WHAT TO PRODUCE:
Omitting all images, set down every line below exactly as it appears.

DATA SECTION:
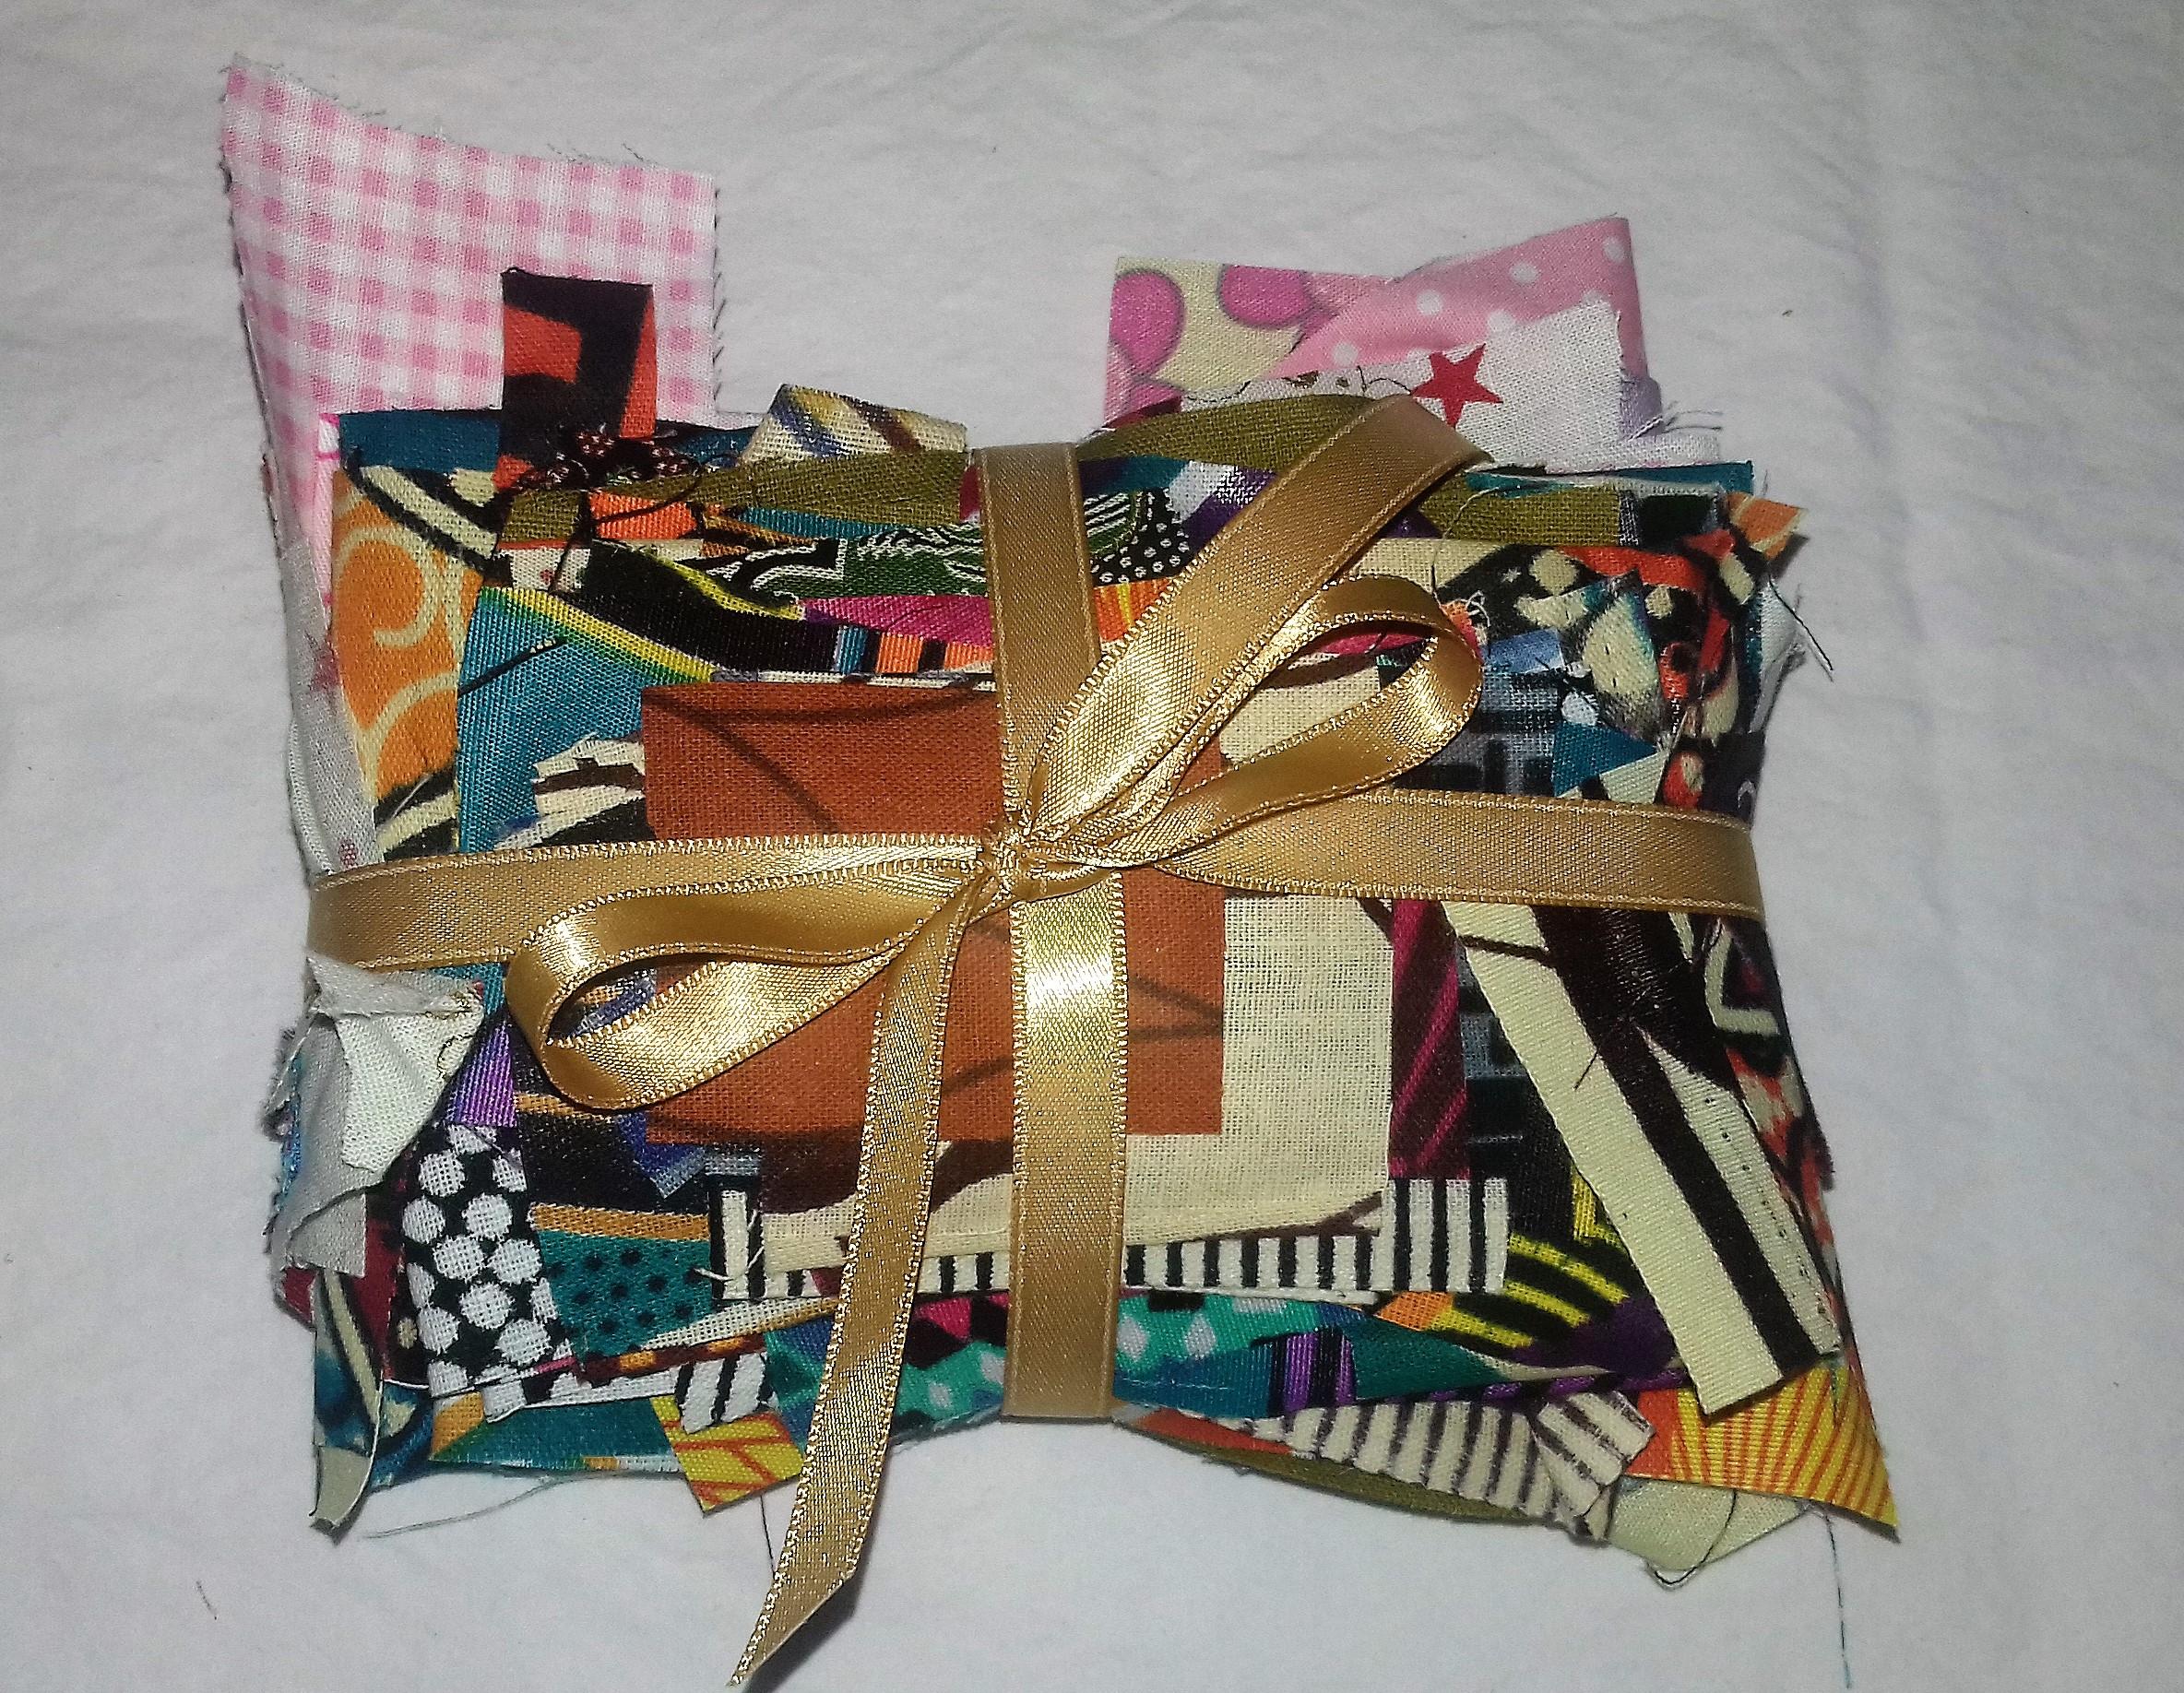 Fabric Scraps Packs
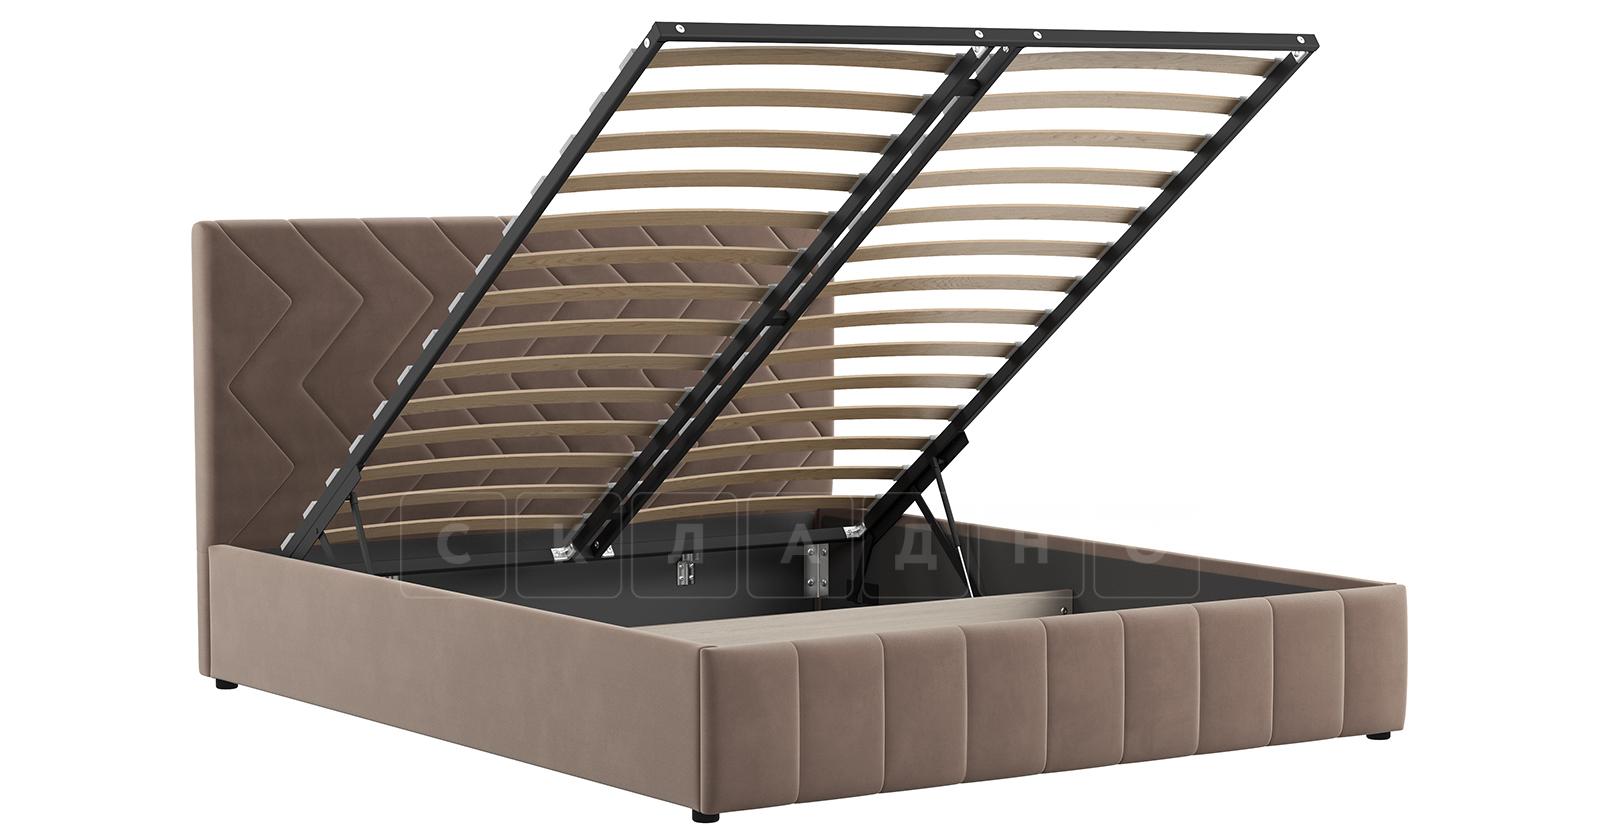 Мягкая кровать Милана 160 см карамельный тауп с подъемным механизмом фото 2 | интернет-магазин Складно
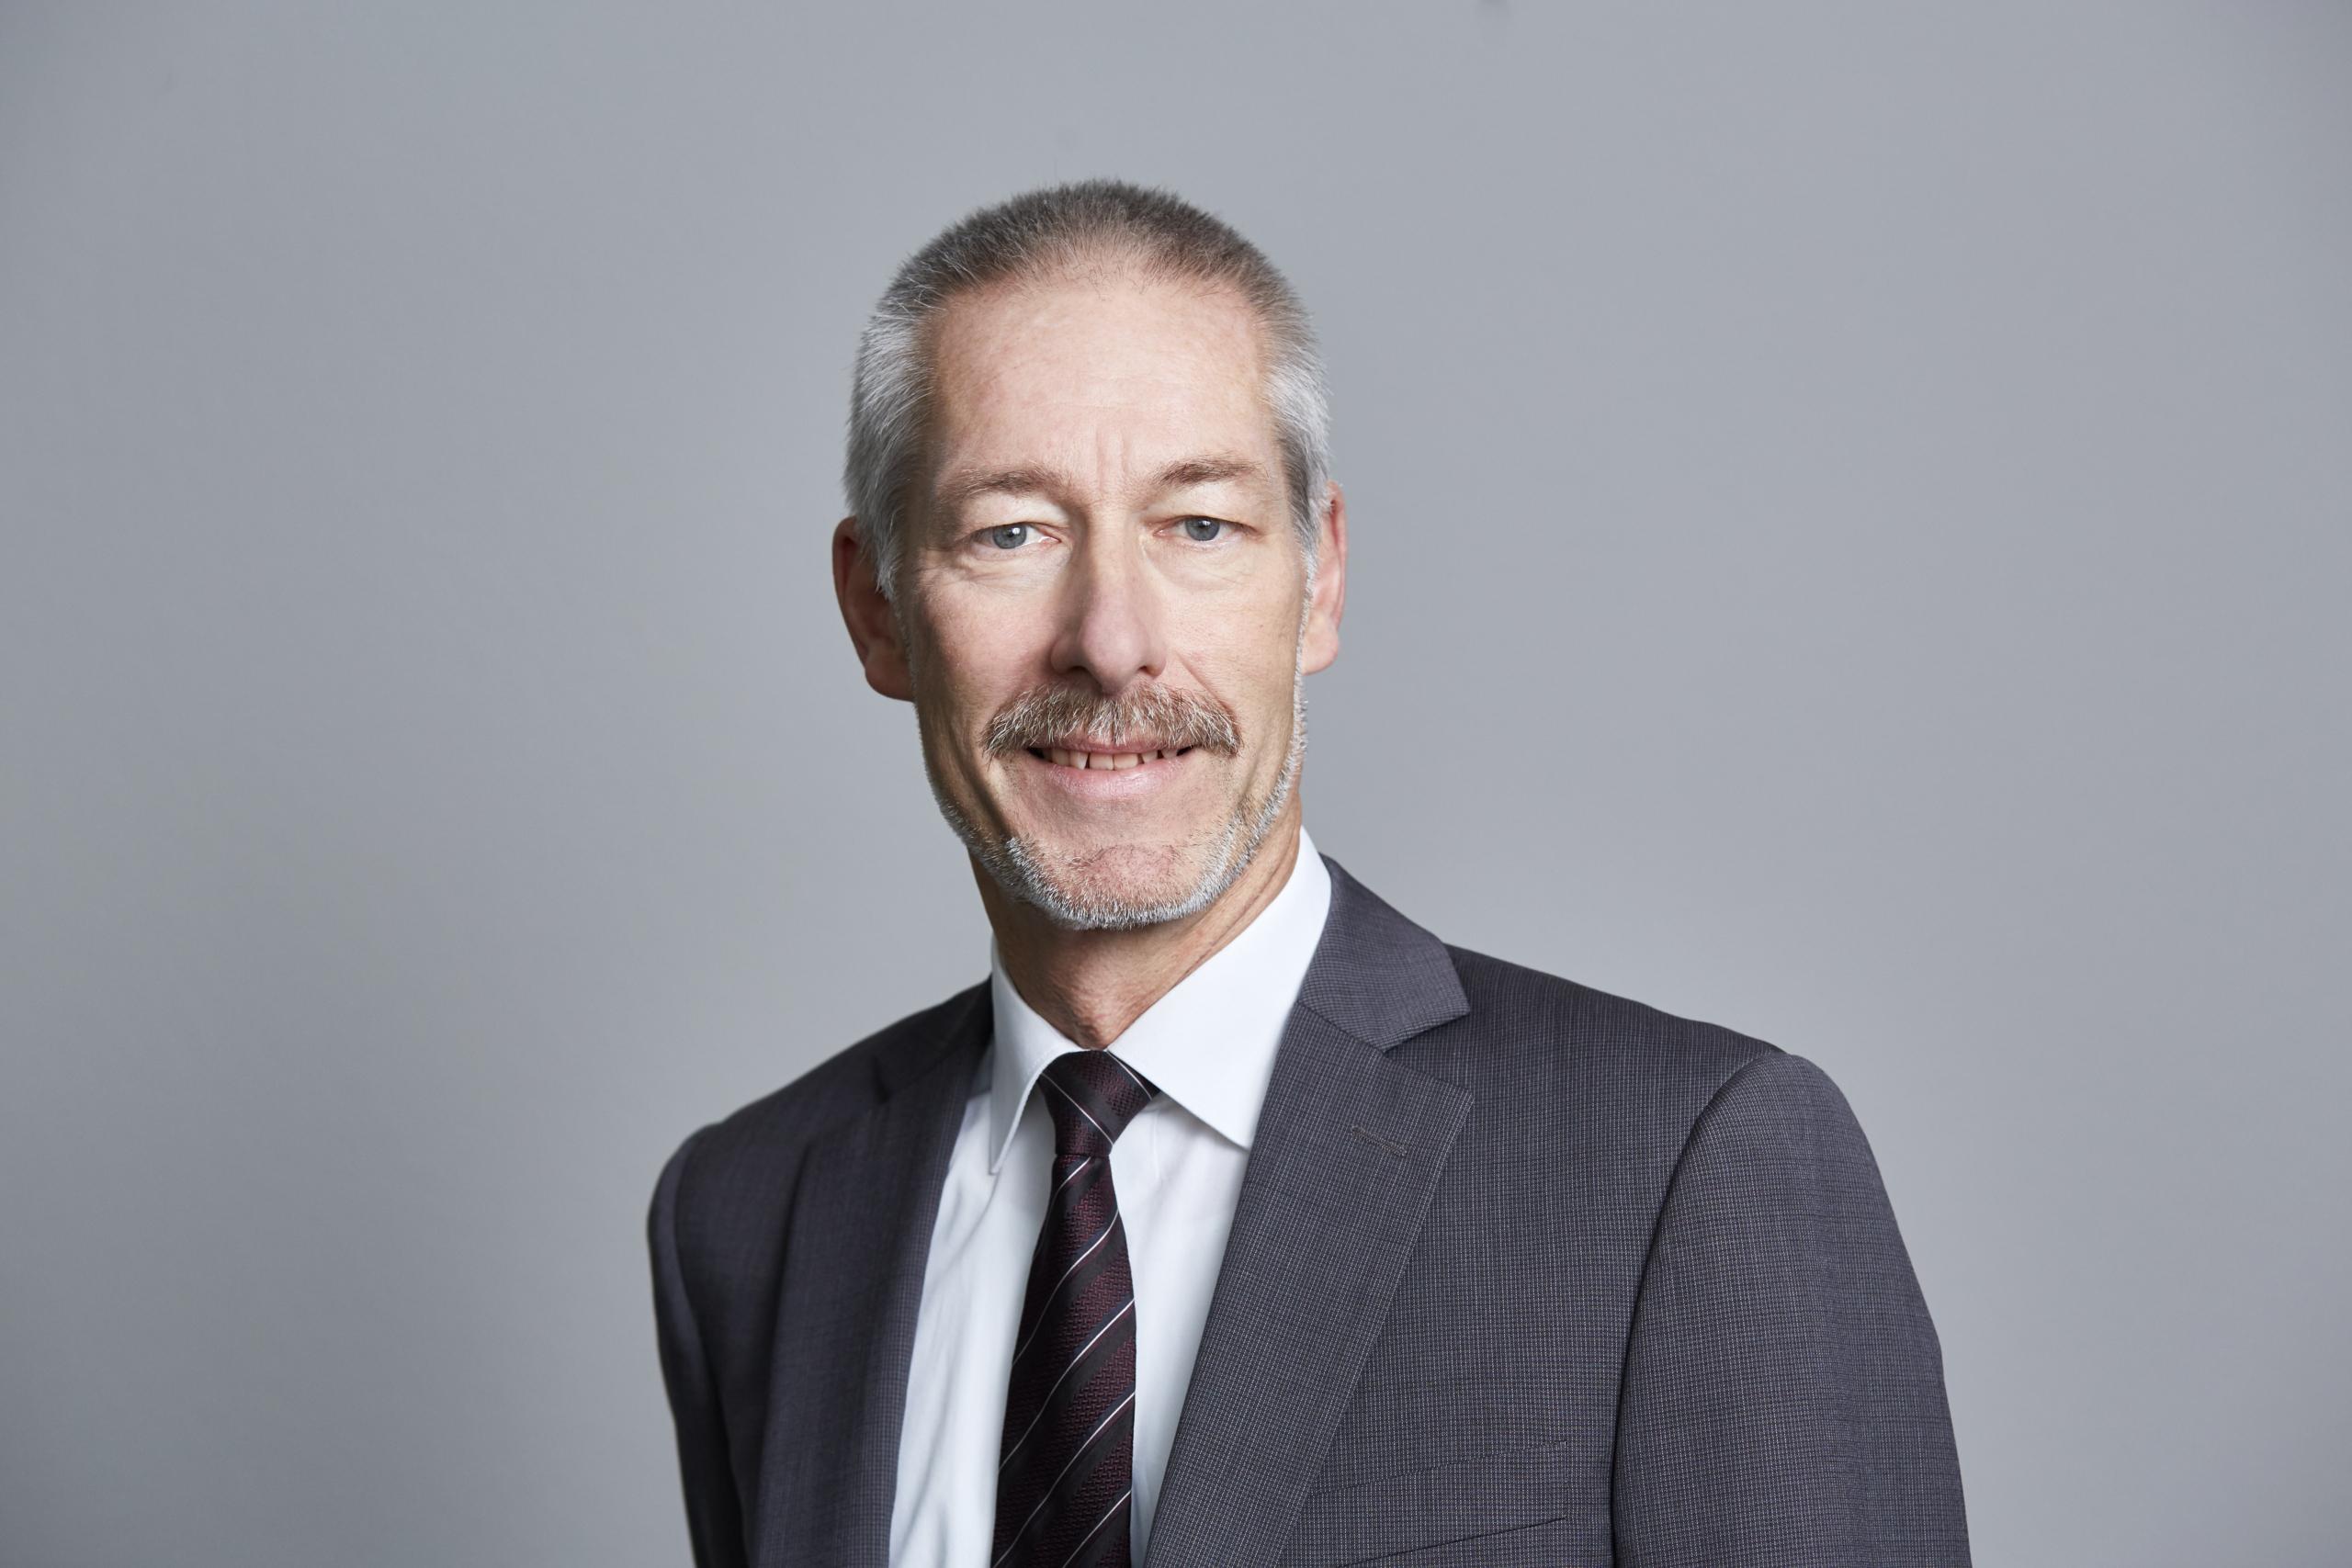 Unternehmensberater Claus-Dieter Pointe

TASK RESULT:
 Fabric Scraps Packs
 Мягкая кровать Милана 160 см карамельный тауп с подъемным механизмом фото 2 | интернет-магазин Складно
 Unternehmensberater Claus-Dieter Pointe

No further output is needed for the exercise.